Starke und schwere Kraftsportler – schlanke und drahtige Ausdauersportler: Warum kommen beide Extreme nicht kombiniert vor? Eine Studie an Mäusen wirft nun Licht auf diese Frage. Demnach wird im Muskel bei Krafttraining ein Botenstoff vermehrt gebildet, der Ausdauermuskeln in Kraftmuskeln verwandelt – der Prozess geht also zulasten der „drahtigen“ Muskulatur.
Vor allem im Leistungssport ist der „Entweder-Oder-Effekt“ bekannt: Die Art des Trainings muss dem jeweiligen Ziel angepasst sein, denn Krafttraining kann zu einer Verringerung der Ausdauerleistung führen. Vor allem bei Sportarten wie dem Rudern, die auf Kraft und auf Ausdauer ausgerichtet sind, muss dieser Zusammenhang beim Erstellen von Trainingsprogrammen berücksichtigt werden. Auf welchen Prozessen dieser Effekt allerdings basiert, war bisher unklar und es gibt auch generell noch viele offene Fragen dazu, was in Muskeln abläuft, wenn sie trainiert werden.
Kraft- versus Ausdauermuskeln
Über die Unterschiede zwischen Kraft- und Ausdauermuskeln ist bekannt, dass sie sich durch die Fasertypen unterscheiden, aus denen sie bestehen. Ausdauermuskeln werden demnach durch langsam kontrahierende Fasern gebildet. Bei Ausdauersportlern wie Marathonläufern sind diese Versionen besonders stark ausgeprägt. Kraftmuskeln bestehen hingegen aus Fasern, die sich besonders schnell zusammenziehen können. Diese Muskeln legen beim Krafttraining an Volumen zu und erbringen eine besonders große Kraftleistung.
Im Rahmen ihrer Studie haben die Forscher um Christoph Handschin von der Universität Basel nun die Rolle eines hormonähnlichen Botenstoffs aus der Gruppe der sogenannten Myokine ins Visier genommen: BDNF. Es war zuvor bekannt, dass Myokine eine Funktion im Muskelsystem und bei körperlicher Aktivität besitzen.
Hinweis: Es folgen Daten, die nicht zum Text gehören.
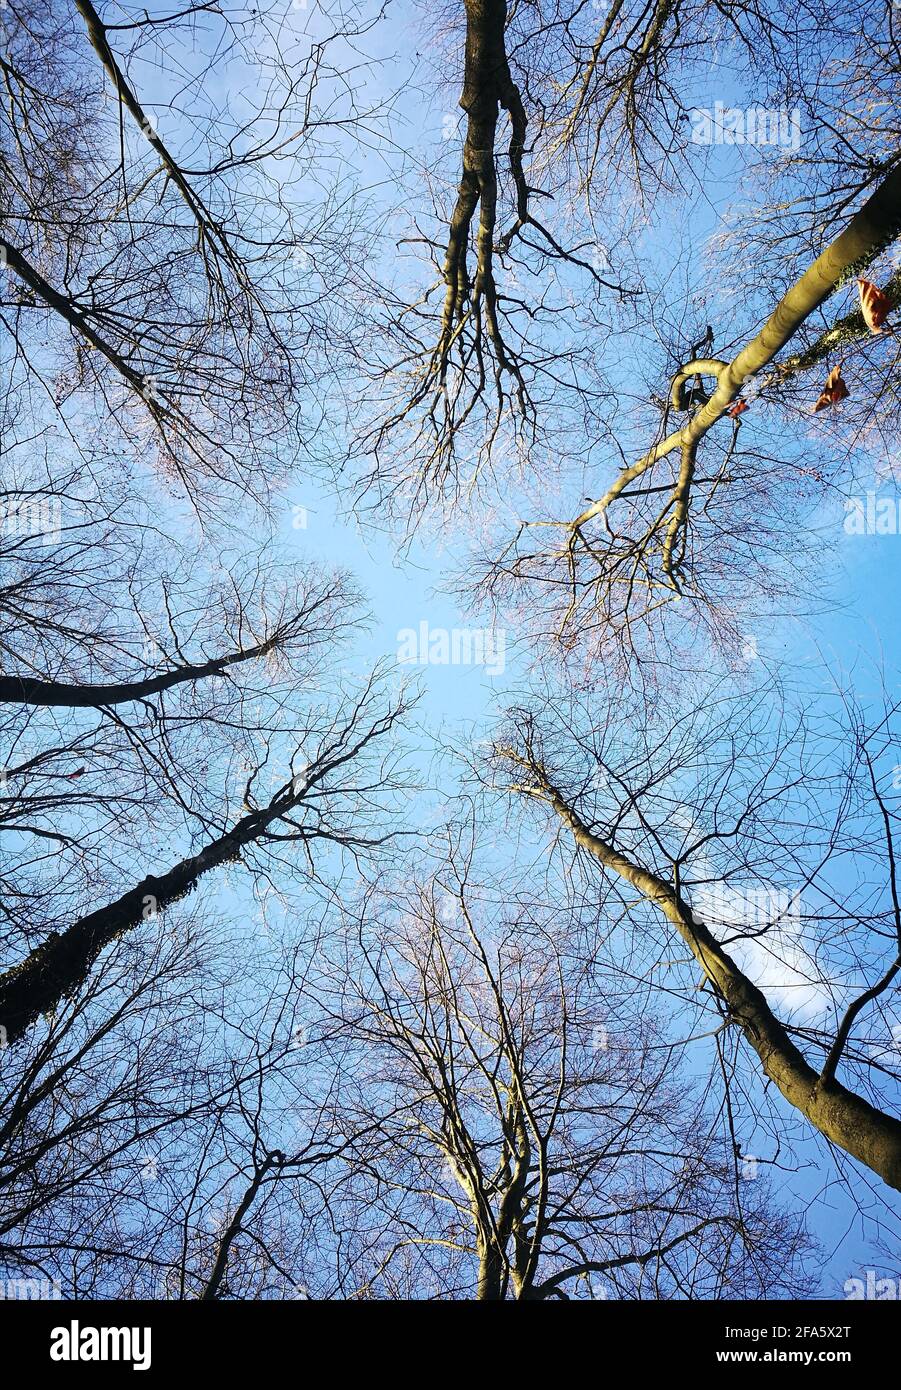 Alberi senza foglie con cielo limpido e parzialmente nuvoloso presi dal basso, durante il mio viaggio al Goettinger-Stadtwald, nella città di Goettingen, Germania. Foto Stock

Welche Rolle dem BDNF in diesem Zusammenhang zukommt, haben die Forscher nun durch Experimente im Mausmodell untersucht.
Ausdauermuskeln werden zu Kraftmuskeln
Sie konnten zeigen: BDNF sorgt im Muskel dafür, dass beim Krafttraining die Ausdauermuskulatur verringert wird. „Interessant ist, dass BDNF selbst vom Muskel gebildet wird und nicht nur auf den Muskel einwirkt. Der Botenstoff bildet gleichzeitig auch die neuromuskulären Synapsen um, also die Verbindungen zwischen Motorneuron und Muskel“, sagt Handschin. Wie er und seine Kollegen erklären, hat die Umformung der neuromuskulären Synapsen beim Krafttraining zur Folge, dass der Körper vermehrt Kraftmuskulatur aufbaut.
Der Knackpunkt ist allerdings: Der Zuwachs an Kraftmuskeln erfolgt auf Kosten der Ausdauermuskulatur. „Genauer gesagt werden durch die Ausschüttung des BDNFs die Ausdauermuskeln in Kraftmuskulatur umgewandelt“, sagt Handschin. Damit ist BDNF nun ein Faktor, von dem nachgewiesen werden kann, dass er eigens vom Muskel hergestellt wird und Einfluss auf die Muskelfaserform hat, resümieren die Wissenschaftler.
Neben diesem Ergebnis lieferte die Studie interessanterweise auch Hinweise zu Prozessen der Veränderung der Muskulatur im Alter, berichten die Forscher: Es zeichnete sich ab, dass dem BDNF auch eine Bedeutung im Rahmen des altersbedingten Rückgang der Muskelmasse und -funktion zukommt. „Dies könnte die Ergebnisse natürlich auch für die Entwicklung von therapeutischen Ansätze bei Muskelschwund im Alter interessant machen“, so Handschin.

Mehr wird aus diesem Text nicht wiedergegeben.